The RCN said votes are being counted at trust level – meaning that industrial action could take place in some trusts and not others, with each trust needing to meet a voting threshold to participate.

In Northern Ireland, all that is required is a simple majority of however many members who vote. In England and Scotland, in addition to 50% of members voting, 40% must be in favour of strike action. In Wales, a simple majority must be in favour of industrial action with 50% minimum voting.

Pat Cullen, RCN general secretary and chief executive, said: ‘Patients are at great risk when there aren’t enough nurses. Huge numbers of staff – both experienced and newer recruits – are deciding they cannot see a future in a nursing profession that is not valued nor treated fairly.

‘Our strike action will be as much for patients as it is for nurses – we have their support in doing this. As we begin action, politicians in every part of the UK will be challenged to back their nursing staff and understand the strength of public support.’

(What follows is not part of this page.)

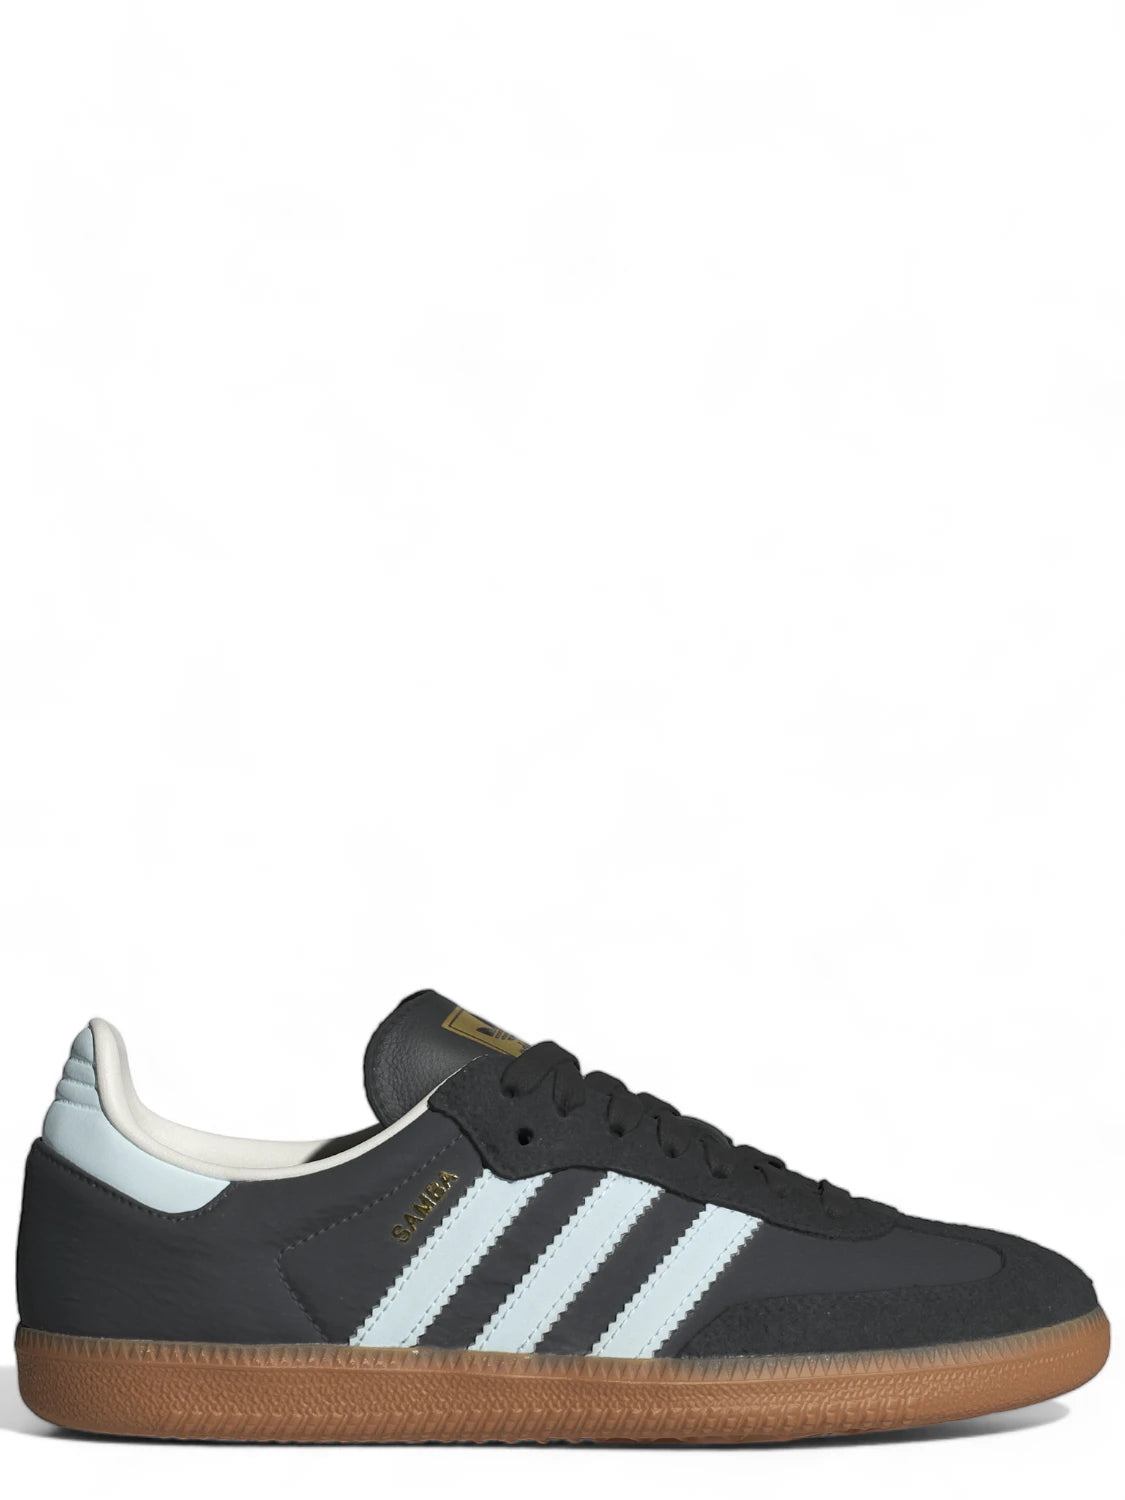 Adidas Samba OG W Grigio-Sneakers-Adidas Originals-Vittorio Citro Boutique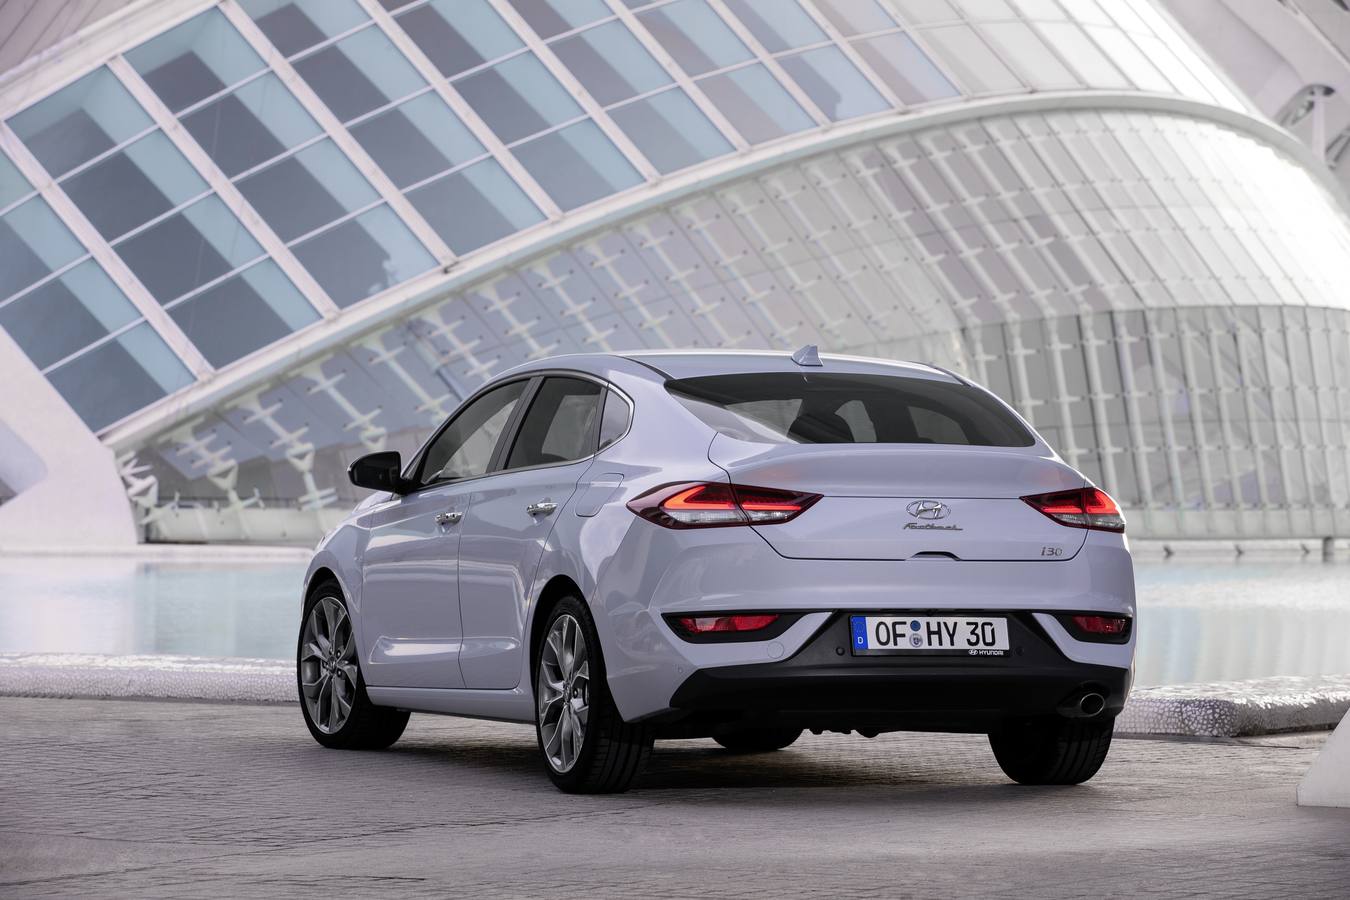 Hyundai añade a la gama i30 la versión Fastback, una versión más larga que se caracteriza por el nuevo diseño de la parte posterior. Se vende con la posibilidad de dos motores de gasolina, a partir de 16.165 euros.

The RCN’s industrial action ballot continues in Scotland despite the Scottish Government’s latest pay offer of a flat rise of £2,205, although Unison has suspended its ballot following the offer.

In England, Wales and Northern Ireland, nurses on Agenda for Change contracts have been offered an average 4% pay rise, with a minimum uplift of £1,400, in line with recommendations from the NHS Pay Review Body – a move that the RCN described in July as a ‘grave misstep’.